The Queens Campus or Old Queens Campus (Note: Both forms of the name are used with similar frequency and context. Rutgers, The State University of New Jersey – Department of University Communications and Marketing. Rutgers Editorial Style Guide (Revised October 15, 2013), at 6, states: "Queen's College refers to the original name of Rutgers and is acceptable. Note that there is an apostrophe in Queen's College. Old Queens Campus is acceptable if in a historic reference; otherwise, do not use. Note that there is no apostrophe in Old Queens Campus. Old Queens Building is acceptable. When referring to the building on second reference, Old Queens is acceptable. Note that there is no apostrophe in Old Queens Building or Old Queens." Retrieved November 13, 2013.) is a historic section of the College Avenue Campus of Rutgers, The State University of New Jersey in New Brunswick, New Jersey, in the United States.

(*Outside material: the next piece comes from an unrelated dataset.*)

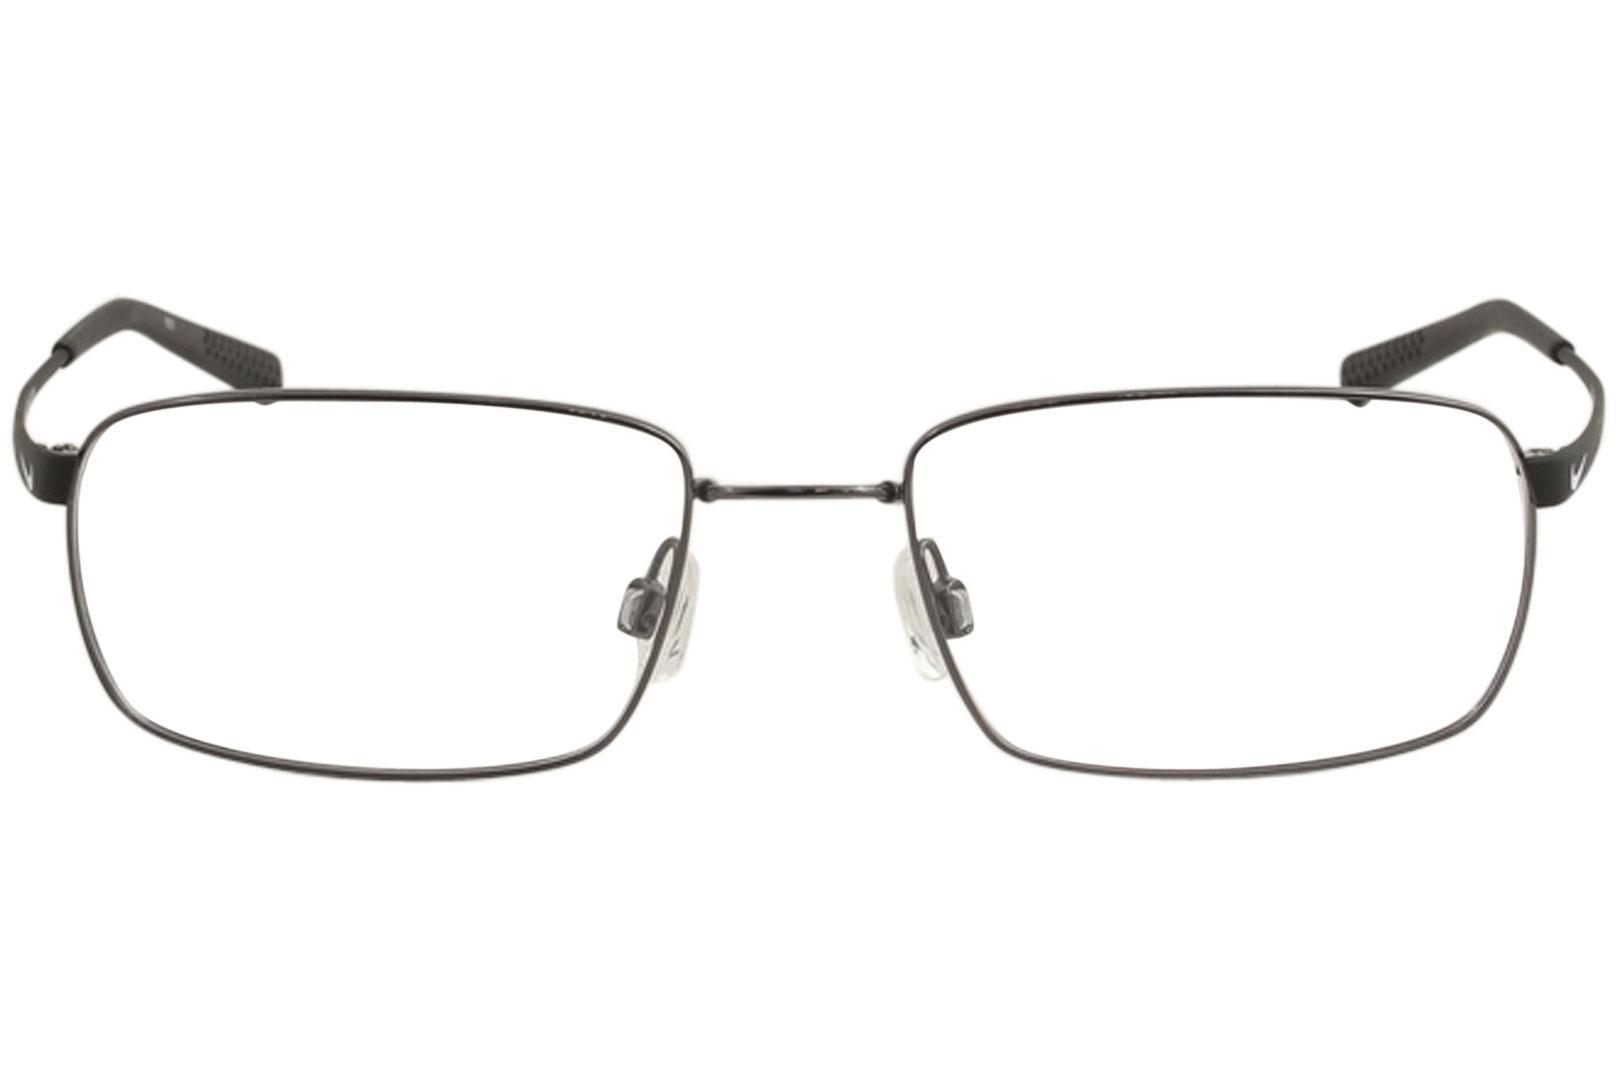 db6d1f1add Nike Men s Eyeglasses 4194 Full Rim Flexon Optical Frame by Nike. 12345

The Queens Campus spans one city block on a hilltop overlooking the Raritan River. In 1807, the heirs of John Parker of Perth Amboy led by James Parker, Jr., a prominent local merchant and political figure, donated a six-acre apple orchard to the trustees of Queen's College and its grammar school. The college—which was renamed Rutgers College in 1825—built its first building, Old Queens, from 1809 to 1823. Old Queens was used for instruction, student chapel services, and housed members of the college's faculty. In the institution's early years, the building housed the college, its grammar school (until 1830), and the New Brunswick Theological Seminary (until 1856).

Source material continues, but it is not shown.